Climate Change: “Code Red for Humanity”

This past month the United Nation’s Intergovernmental Panel on Climate Change (IPCC) issued a report with staggering conclusions for all of us, reminding us that we still have time to act to reduce the most oppressive consequences of climate change, and that we must begin immediately.  

The key findings:

  • Climate change is “widespread, rapid and intensifying”
  • Climate change is happening in every region of the world. To see the impact on your region, go to the Interactive Atlas: interactive-atlas.ipcc.ch
  • Many of the changes are irreversible, such as sea level rise
  • The impact of climate change will continue to increase in all regions
  • The impact of climate change on cities is and will continue to be intense

We have time to limit the impact of climate change through “strong and sustained reductions in carbon dioxide (CO2) and other greenhouse gases (GHG).” According to the Report, the world has already warmed by 1.1 degrees Celsius. When we reach 1.5 degree Celsius of global warming there will be increasing heatwaves, longer warm seasons and shorter cold seasons. If the temperature rises by 2 degrees Celsius heat extremes “would more often reach critical tolerance thresholds for agriculture and health.”    

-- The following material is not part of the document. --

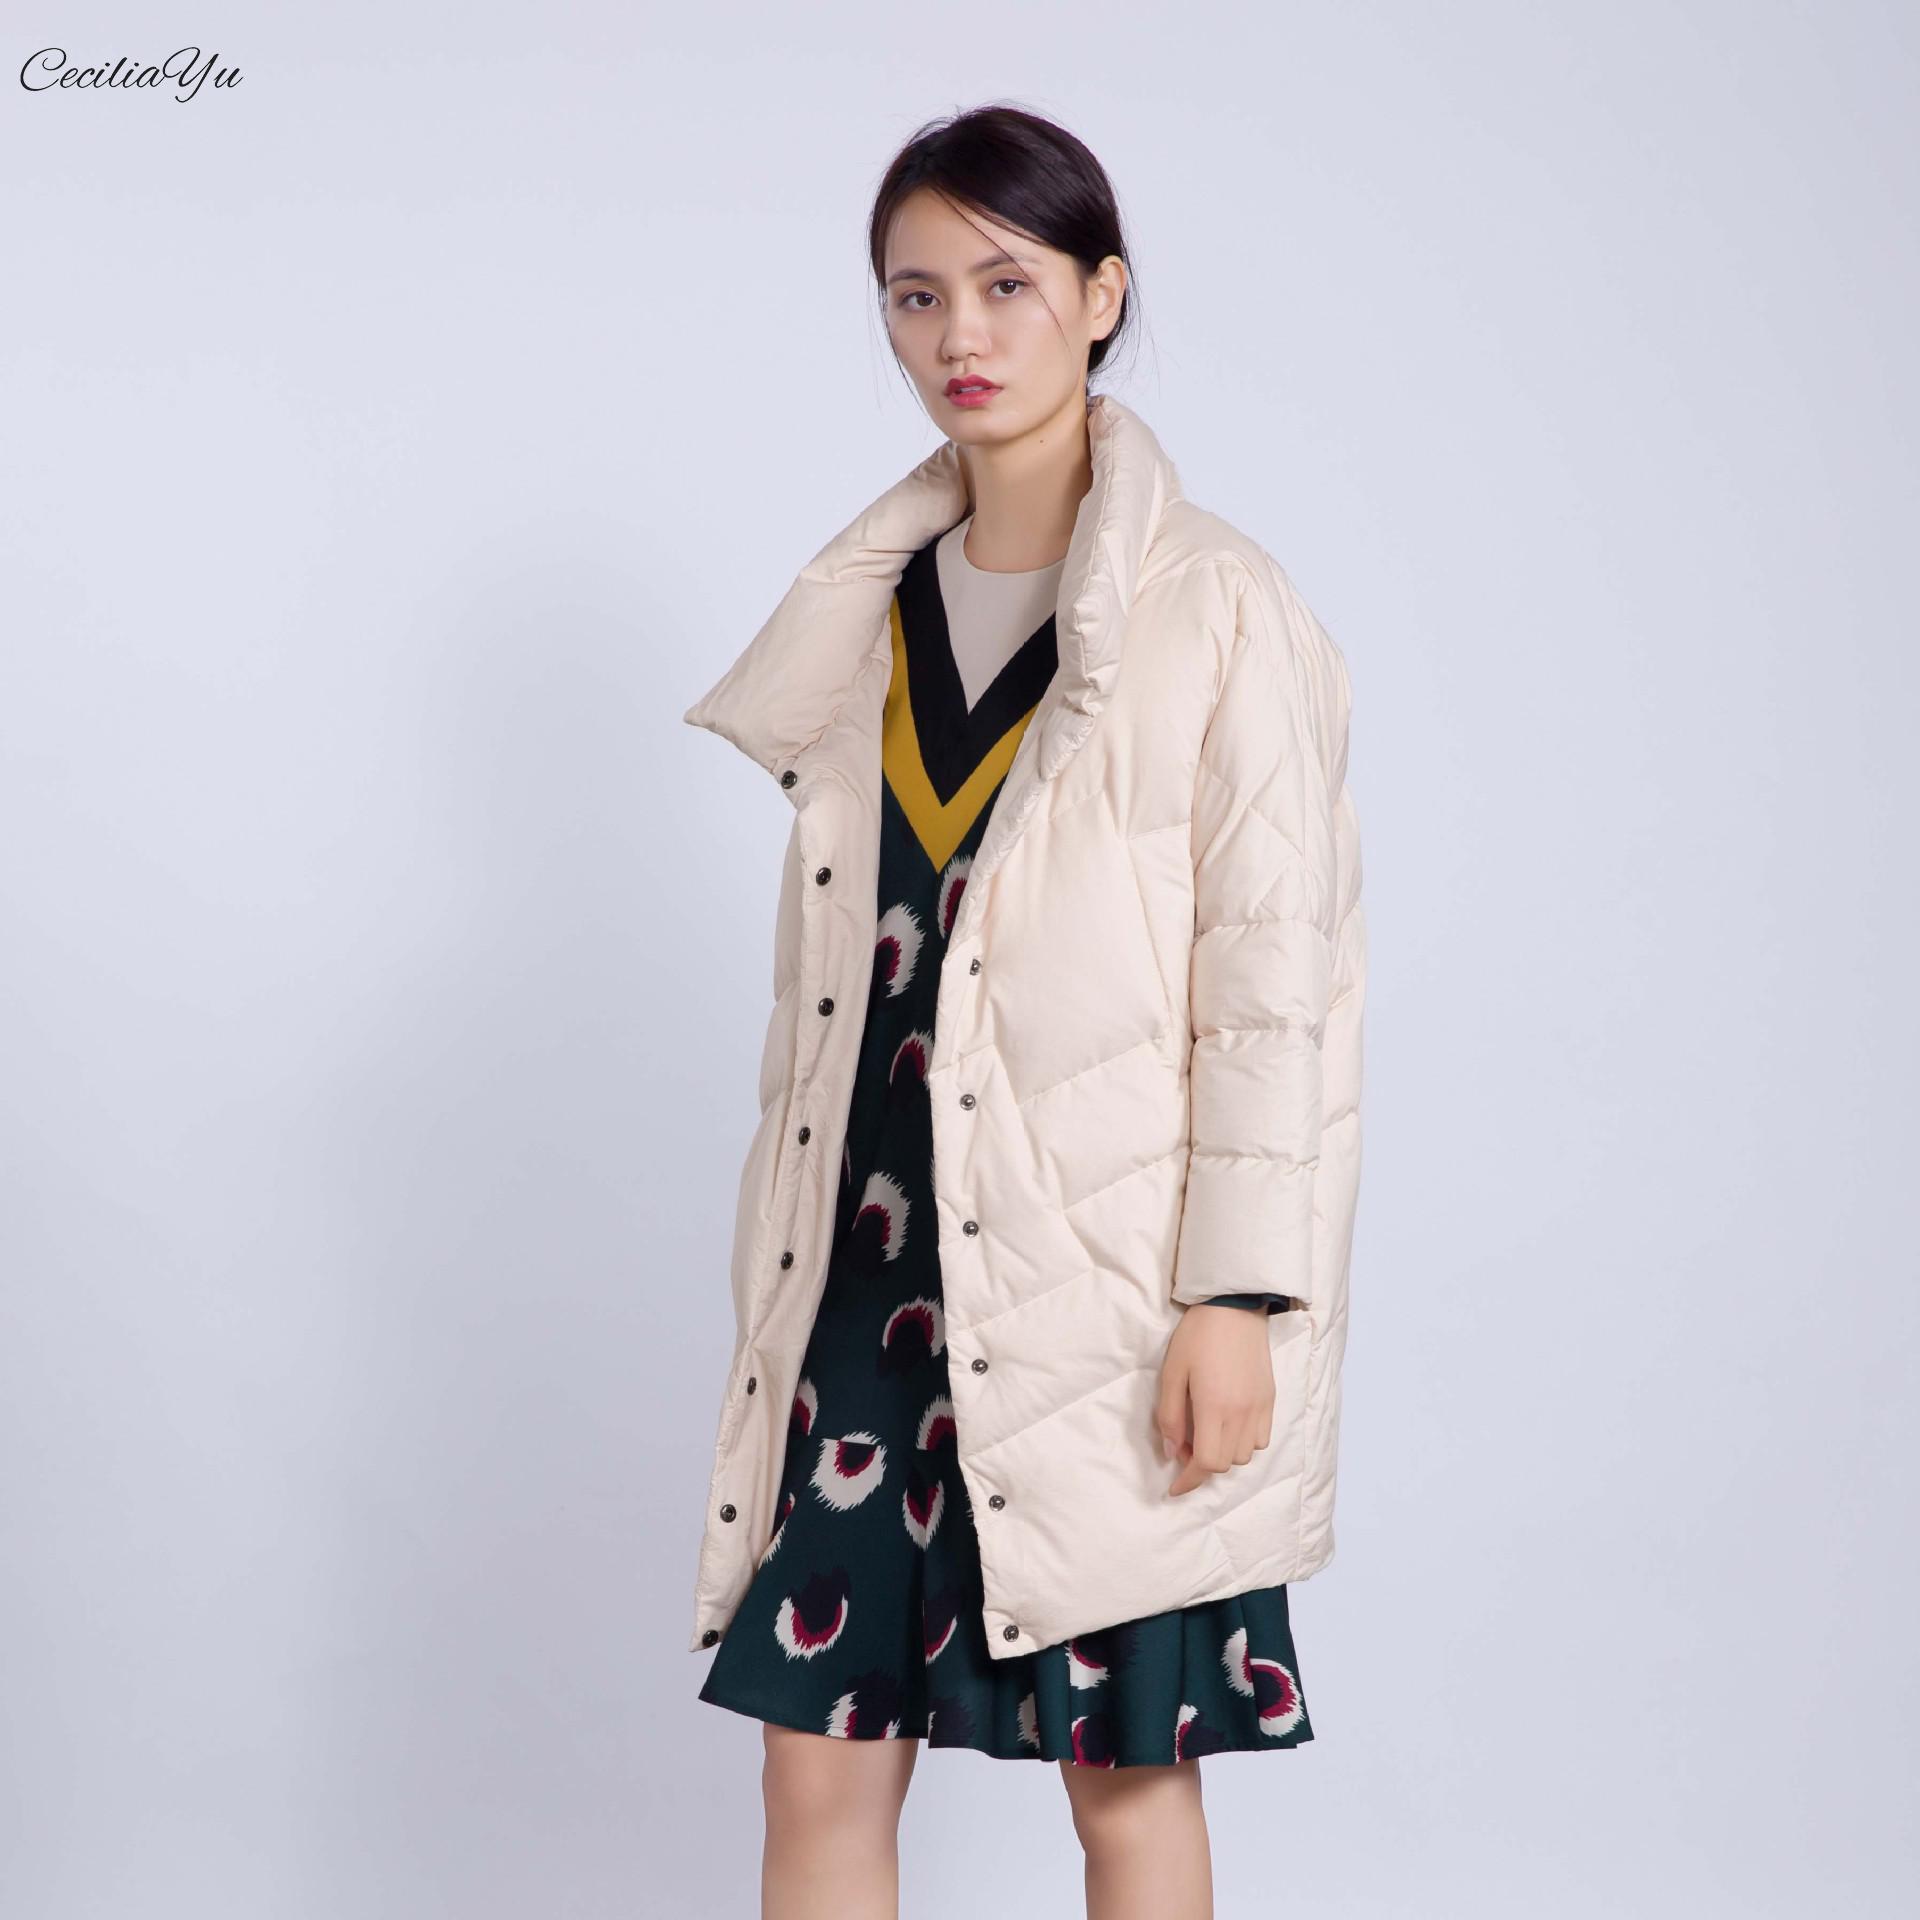 2018 Vers Service De À noir Beige Mode Style Le Porter Géométrique Et Ceciliayu Manteau Nouveau Bas Vêtement Facile Japonais D'hiver Automne Femmes SxaKwd

The IPCC Report sends an essential signal to the business community that we must halve GHG emissions by 2030. Our response must be “immediate, rapid and large-scale.” Business can take the following actions:

  • Set science-based targets for emissions:

Over 700 companies around the world have set science-based targets, or emissions targets which are aligned with a change of temperature of 1.5 degrees Celsius. These companies include Mahindra, Cemex, and Unilever.

  • Switch to renewable energy, such as solar, wind, geothermal, tidal etc.
  • Find lower-carbon ways to produce goods
  • Commit to Net Zero by 2030 (or cut GHG emissions to zero)
  • Conduct scenario analysis to understand the risks climate change poses to your business

The IPCC was formed in 1988 and is composed of 195 member governments. As such, it represents the community of nations and includes 200 scientists from around the world. The IPPC Report focuses on the scientific, technical, and social-economic aspects of climate change.

The final installment of the report is due out in 2022. In the meantime, the world’s leaders continue to prepare for COP26, the UN Climate Change Conference scheduled to take place between November 1- 12 in Glasgow, presided over by the United Kingdom.

The IPCC’s Vice Chair, Ko Barrett calls for “unprecedented, transformational change.”  The next few months and years will be crucial as we seek to mitigate the impacts of climate change and adapt to our transforming planet.